Most of us are people of repetition, habits ingrained over the years.  Let’s face it, it works…for the time being.  We often suffer from narrowness of vision, shrinking horizons, and…well…boredom.  We could all use an attitude adjustment.  Let's be prepared to adapt, adopt and ad lib.

5 comments:

  1. Bob, I am first time visitor to your site and two years post-diagnosis (if we discount the months spent in denial). Thank you for your thoughtful, articulate postings. They challenge and inspire me to think more deeply about what this journey means to me and those who love me. Oh dear, so many first person pronouns....

    ReplyDelete
  2. I know it has been a long time and no reply but I could not pass this by. You are so on the mark today, Bob. At the moment I am fighting hard just to make it day to day though I am walking well...my mind scares me at times. I have always been a free spirit and there are fewer and fewer places for us anymore.....love ya though, Pokie

    ReplyDelete
  3. Another great post Bob. PD is not easy..... Please keep on writing.....
    Brenda

    ReplyDelete
  4. We are new to Parkinson's just being diagnosed in May 2012. Your column was refreshing. Thank you

    ReplyDelete
  5. I have a friend who has PD and she is the type who throws herself wholeheartedly into any endeavor she starts. She was teacher of the year in our district about 4 years ago and then was sort of forced to retire the next year by a young principal who didn't understand the PD diagnosis.

    This lady didn't let this stop her. She started tutoring at other schools that had principals who remembered her as an outstanding teacher and who were mature enough to look past the visible symptoms.
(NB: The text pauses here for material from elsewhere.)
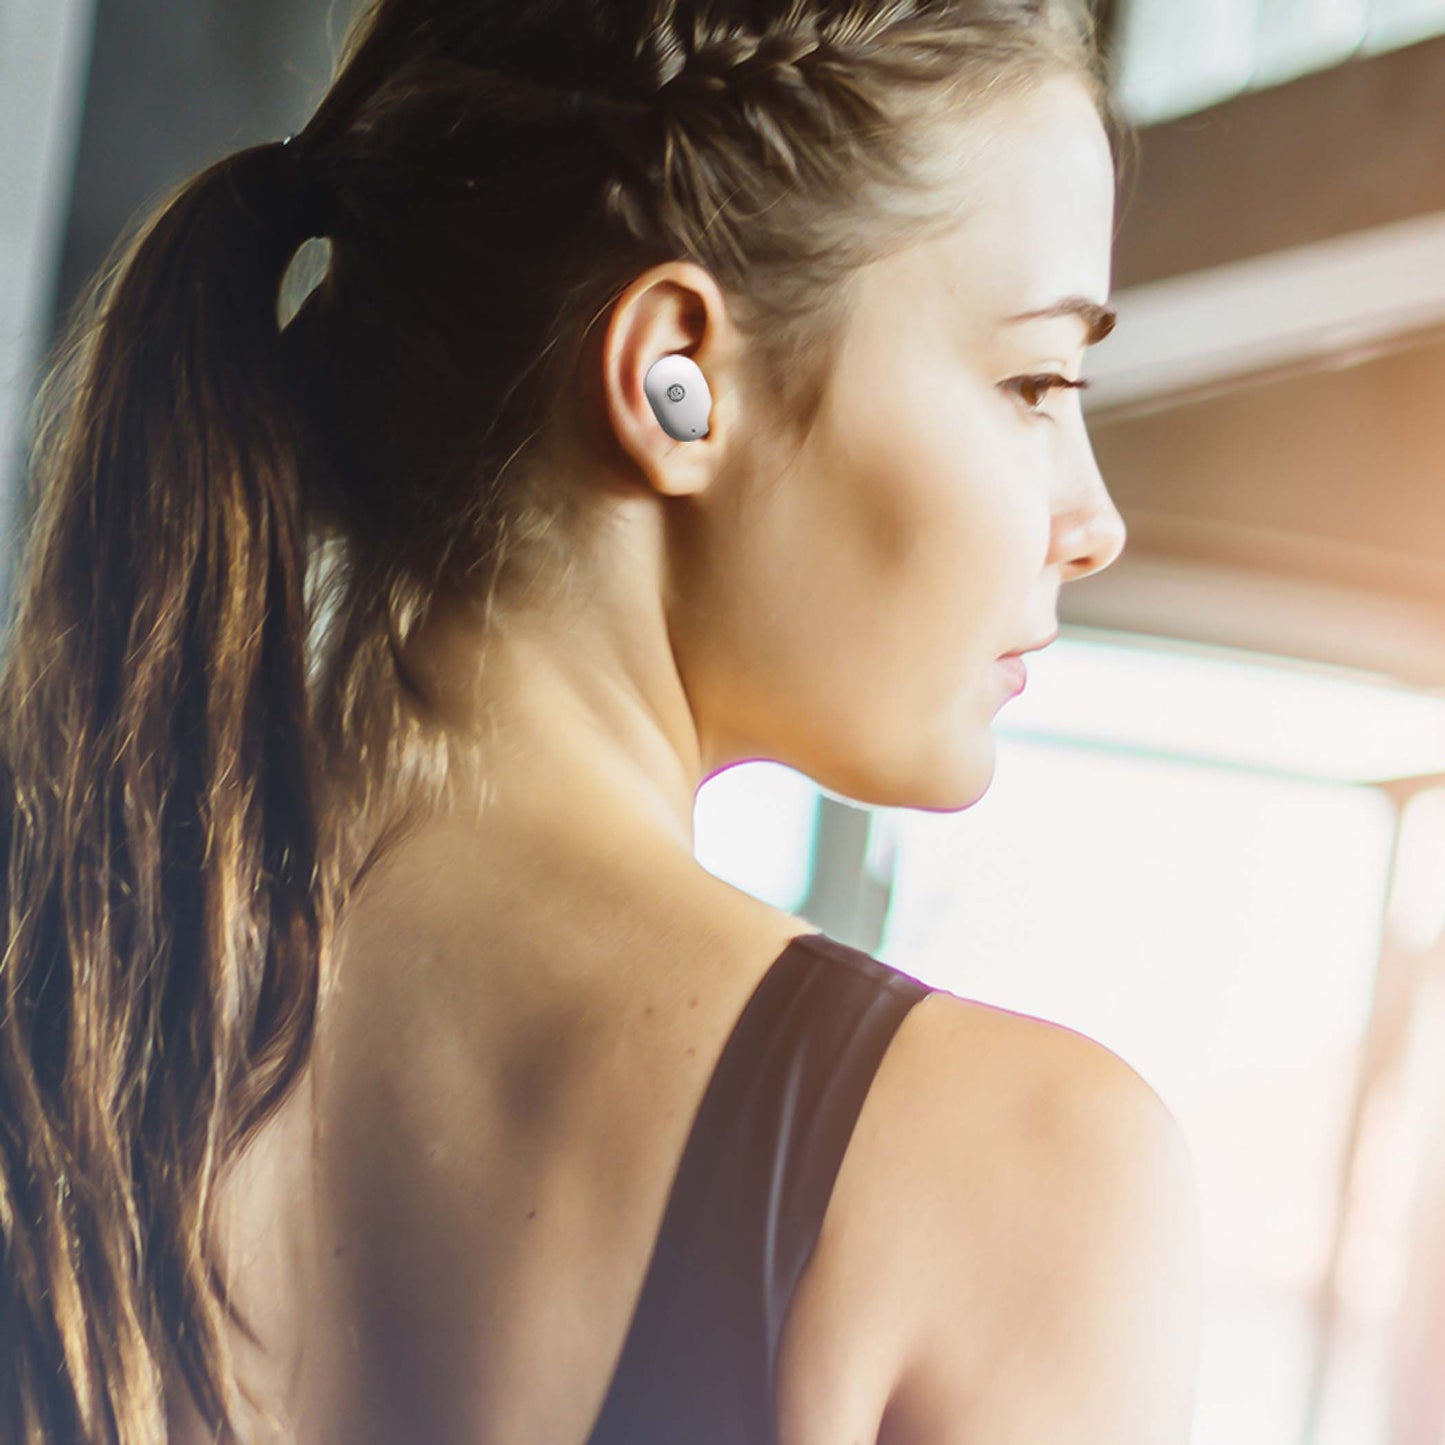 Photo of Morpheus 360 Spire True Wireless Earbuds, a white female wearing the Spire True Wireless Earbuds while working out they are Ultra-Light Weight, Touch Control, Sweatproof. 
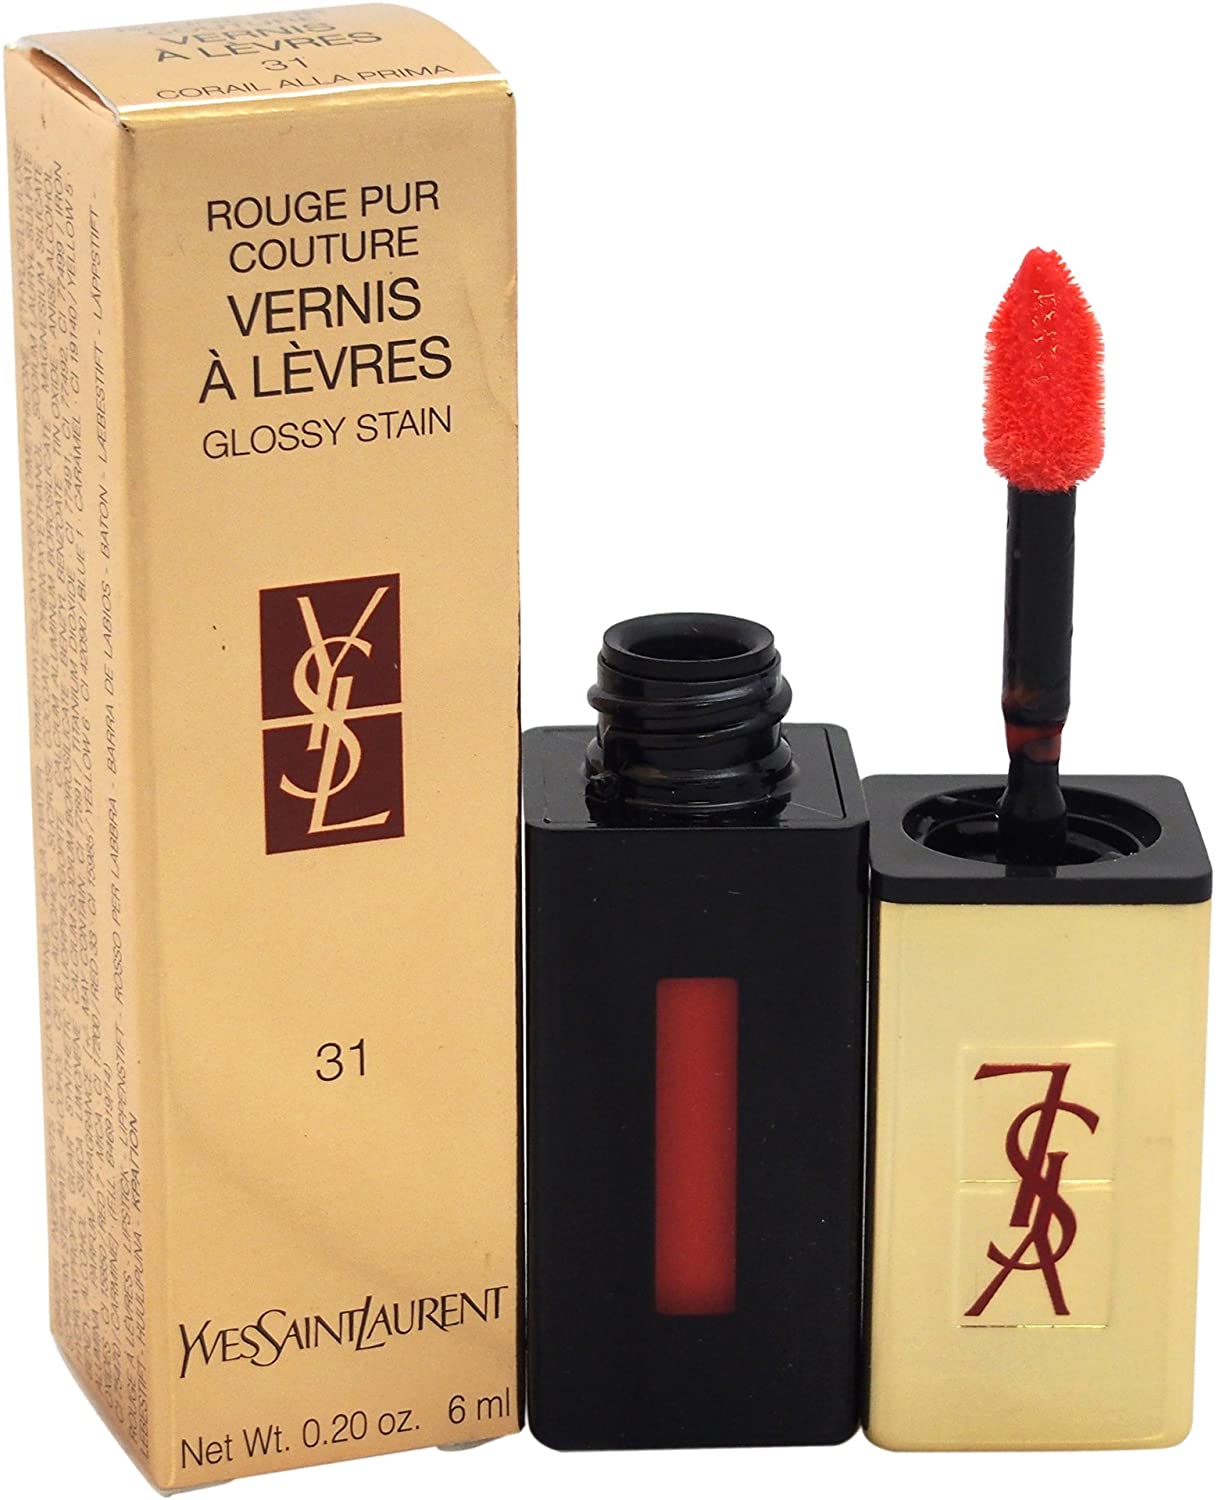 Yves Saint Laurent Rouge Pur Couture Vernis À Lèvres Glossy Stain 6ml – 31 Corail Alma Prima

So this lady read everything written about PD and tried all the things she was reading about. She is now the first PD patient to be president of the local support group.

    But I divert - about a year ago she was on vacation up north and went to a professional baseball game. Her tickets seated her next to a very nice young lady who happened to be a PD doctor at a major hospital. She noticed the symptoms in my friend and they bonded. One thing she said was that no medicines, or other therapy would do as much good as just riding a stationery bike. So my friend went home and started riding, and she has felt so much better and her PD has not progressed as fast as it was moving. So she adapted, adopted and ad libbed and seems to have found what works for her - all from a chance meeting at a ballgame.